How to complete this task: The reply should hold every line of the data below, unchanged, and none of the pictures.

Data section:
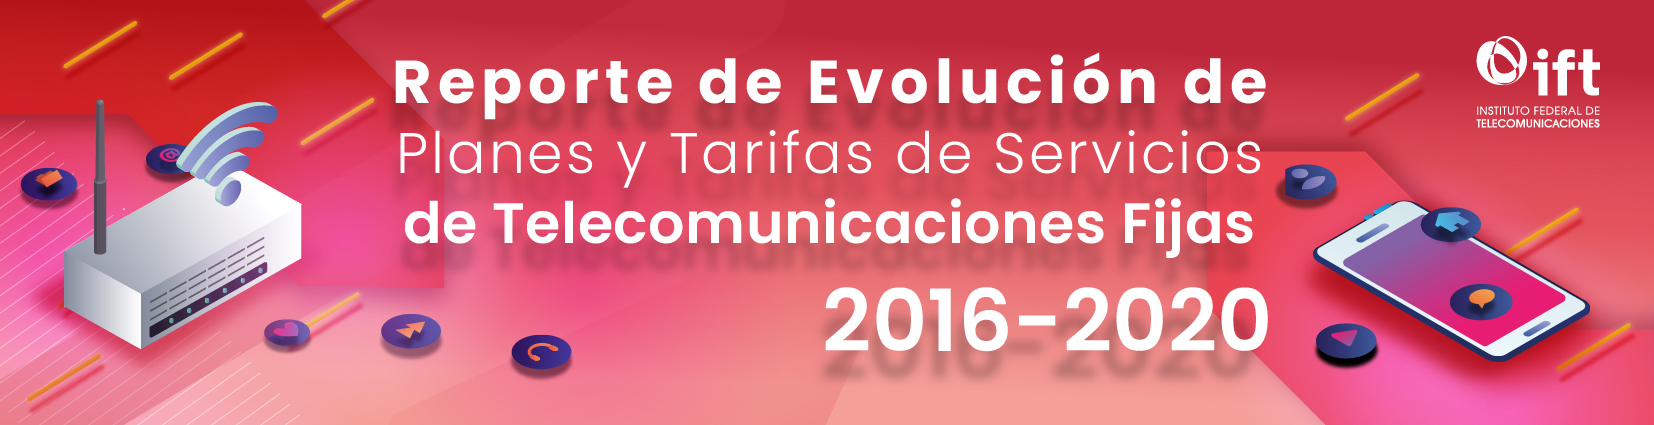 Reporte de Evolución de Planes y Tarifas de Servicios de Telecomunicaciones Fijas, 2016-2020
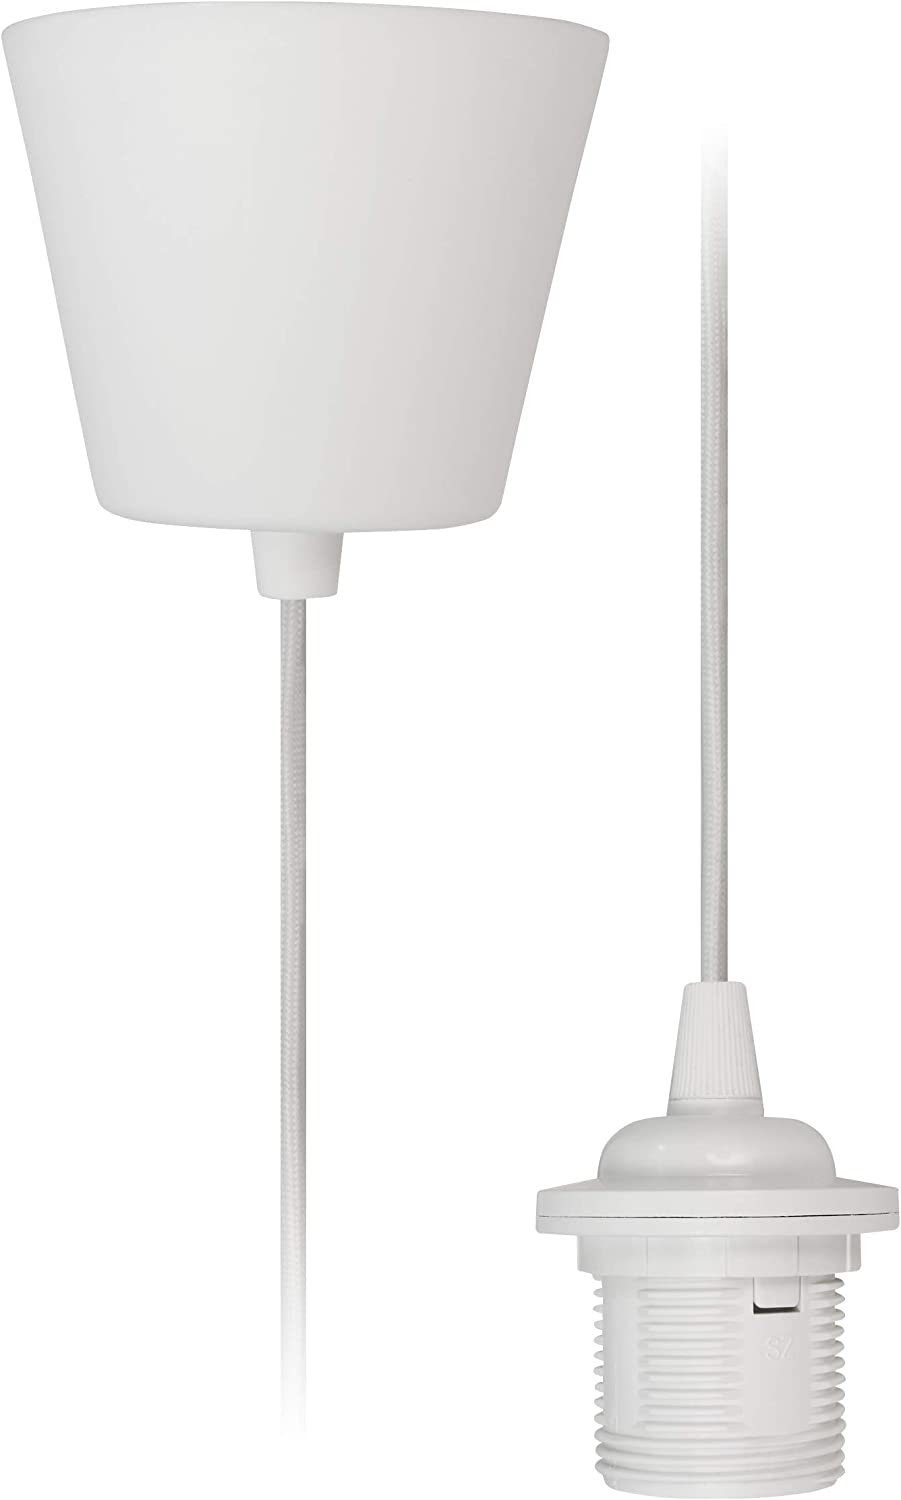 Lampenaufhängung (Textilk weiß, 1,2m McShine McShine, Kabel Lichtschalter Fassung, 230V, E27
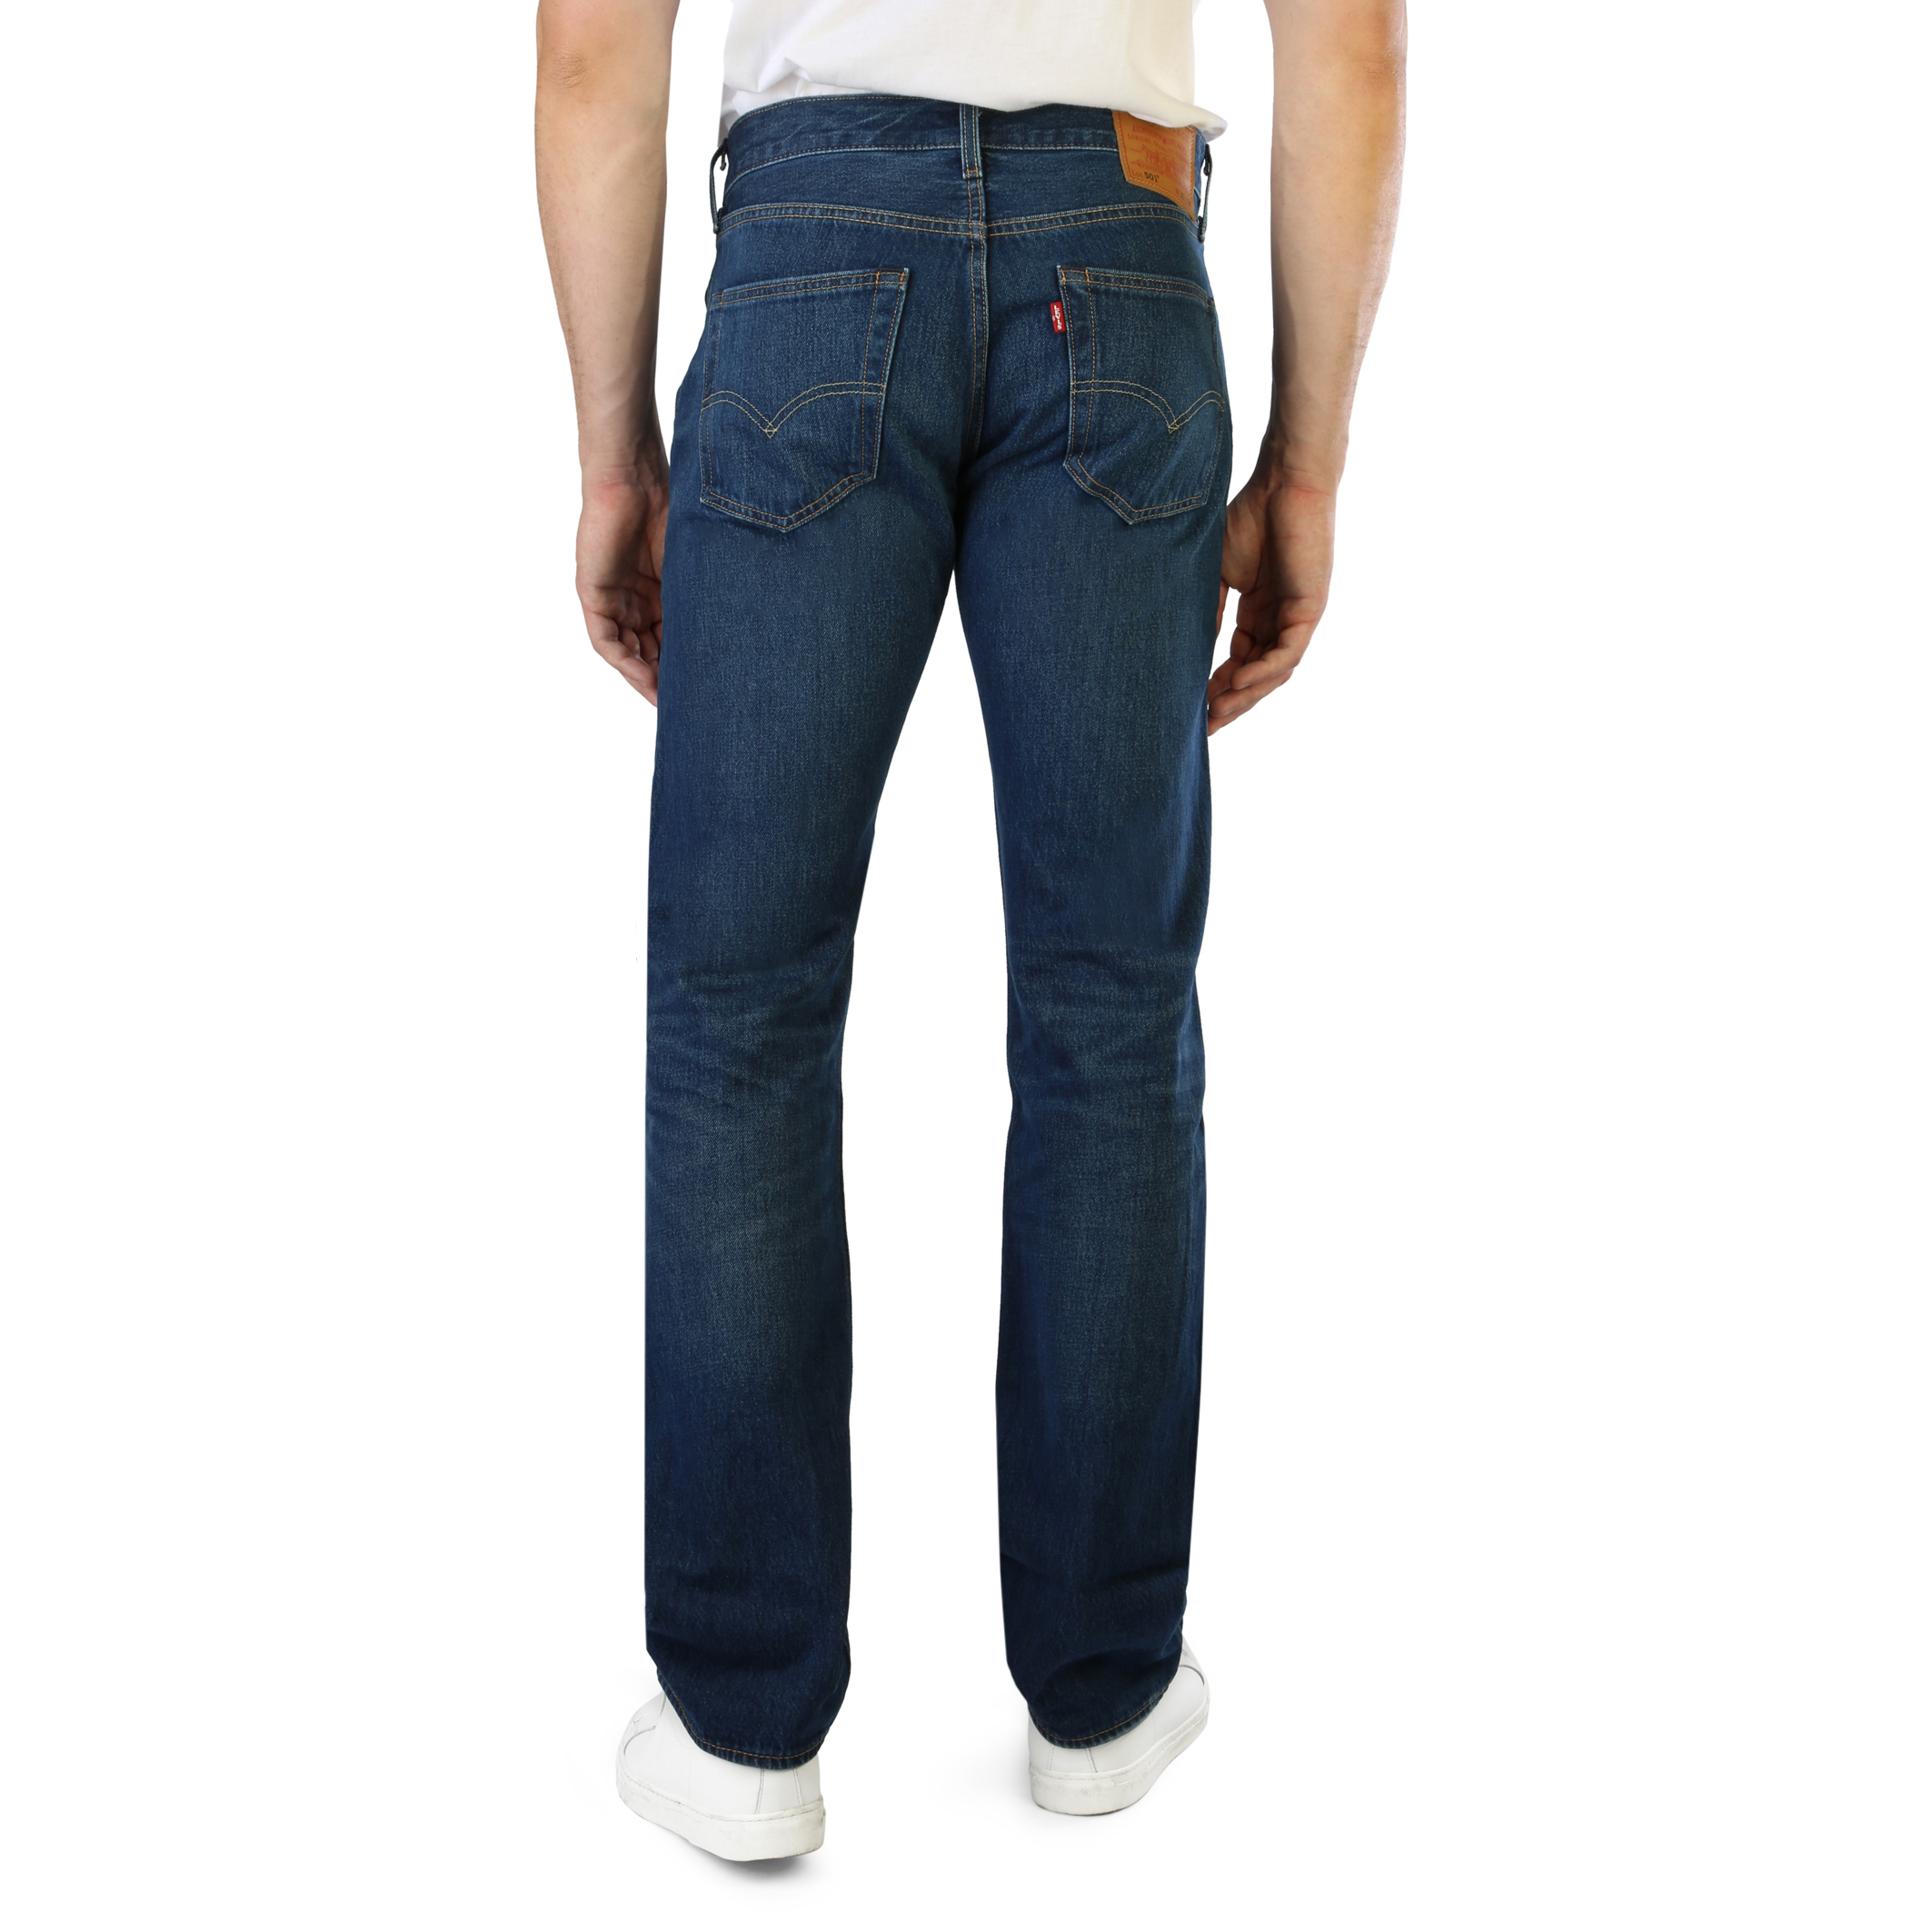 Levi's Blue Jeans for Men - 501

Answer box:
 Reporte de Evolución de Planes y Tarifas de Servicios de Telecomunicaciones Fijas, 2016-2020
 Lampenaufhängung (Textilk weiß, 1,2m McShine McShine, Kabel Lichtschalter Fassung, 230V, E27
 Levi's Blue Jeans for Men - 501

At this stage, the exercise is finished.